INPUT DATA:
::::::

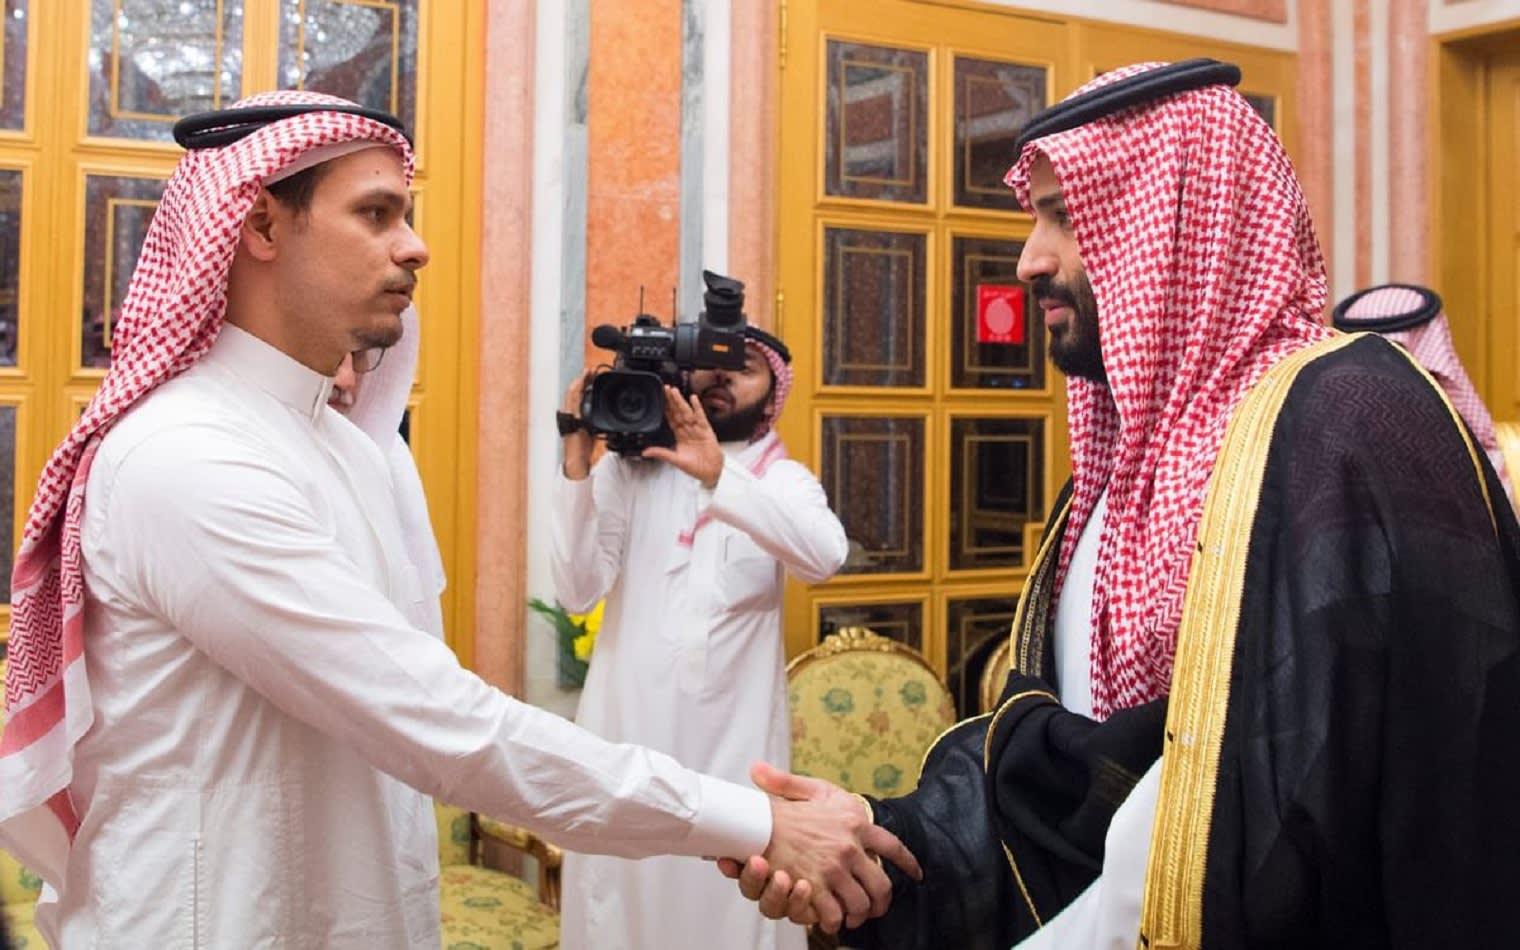 مصدر مقرب من الأسرة يكشف لـCNN وجهة صلاح خاشقجي بعد مغادرته السعودية
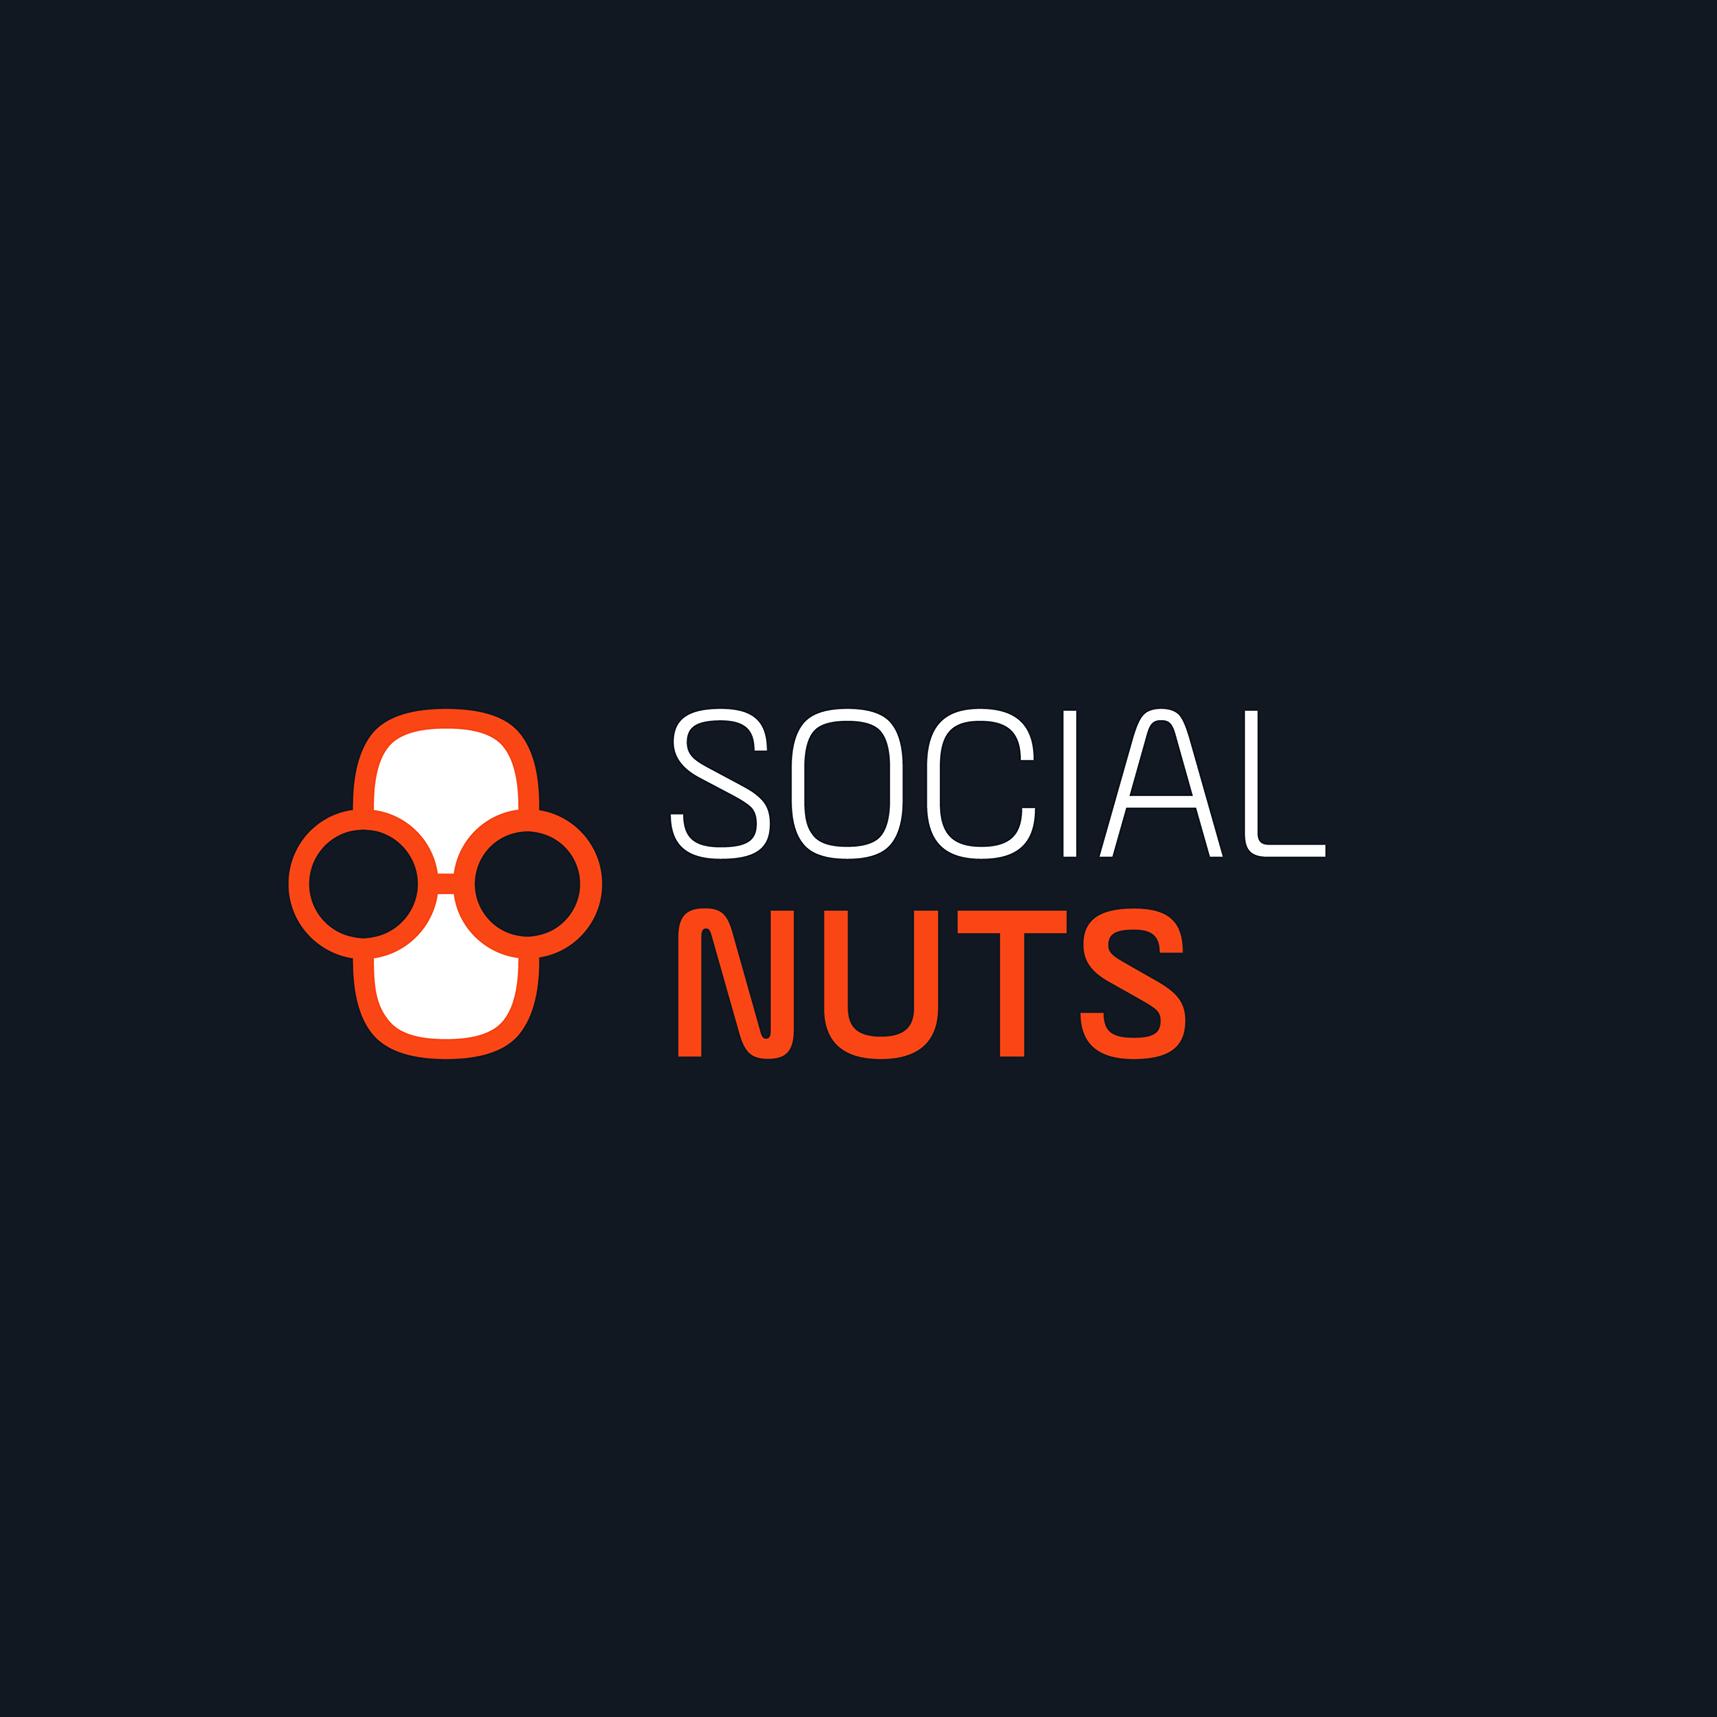 Social Nuts
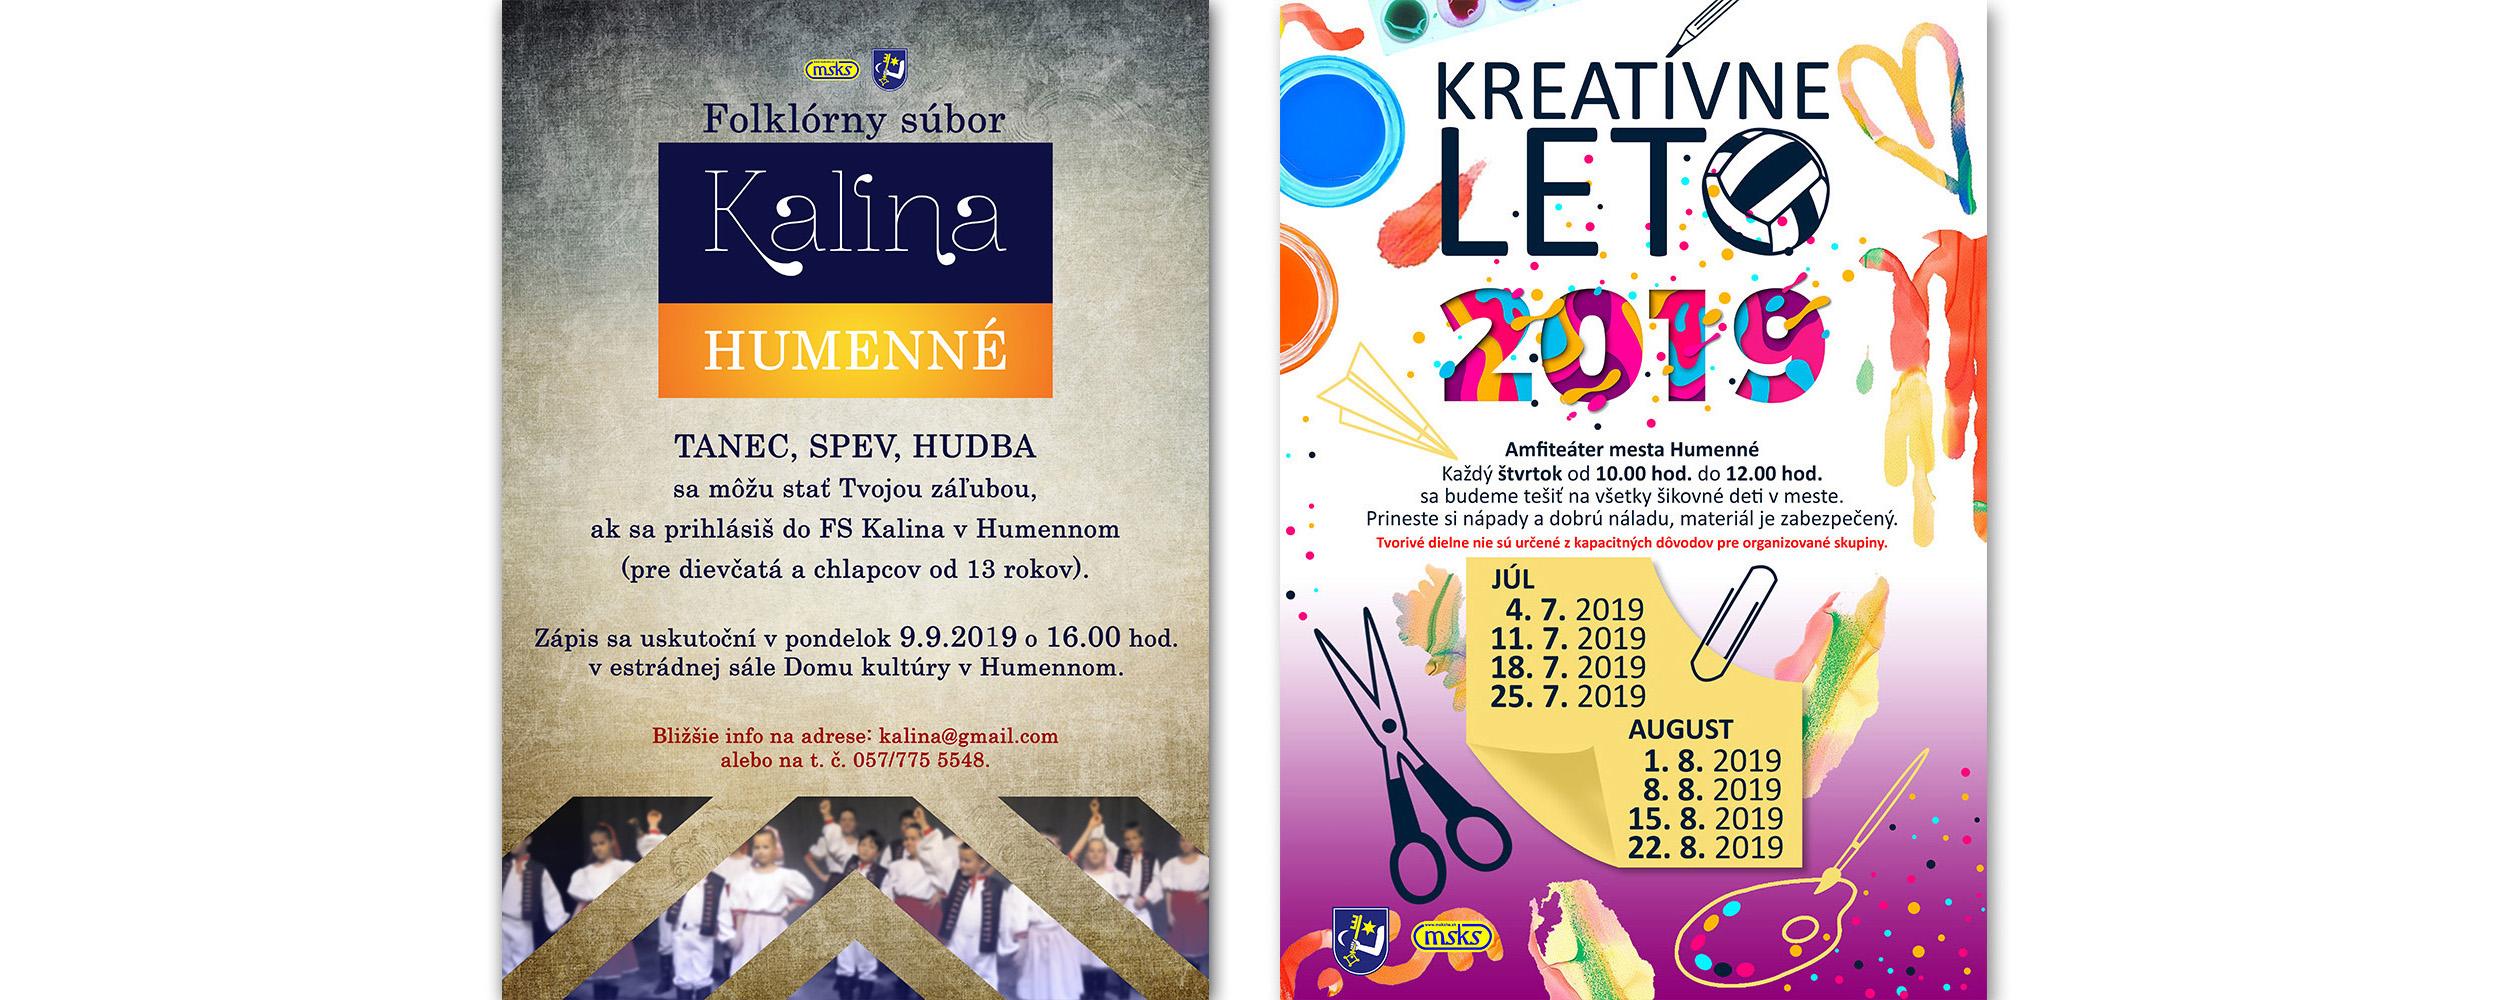 Kalina Kreativne Letoo

::::::

PROBLEM STATEMENT: Could the material above be written out again word for word, with the pictures dropped?

RESPONSE AREA:
 مصدر مقرب من الأسرة يكشف لـCNN وجهة صلاح خاشقجي بعد مغادرته السعودية
 Social Nuts
 Kalina Kreativne Letoo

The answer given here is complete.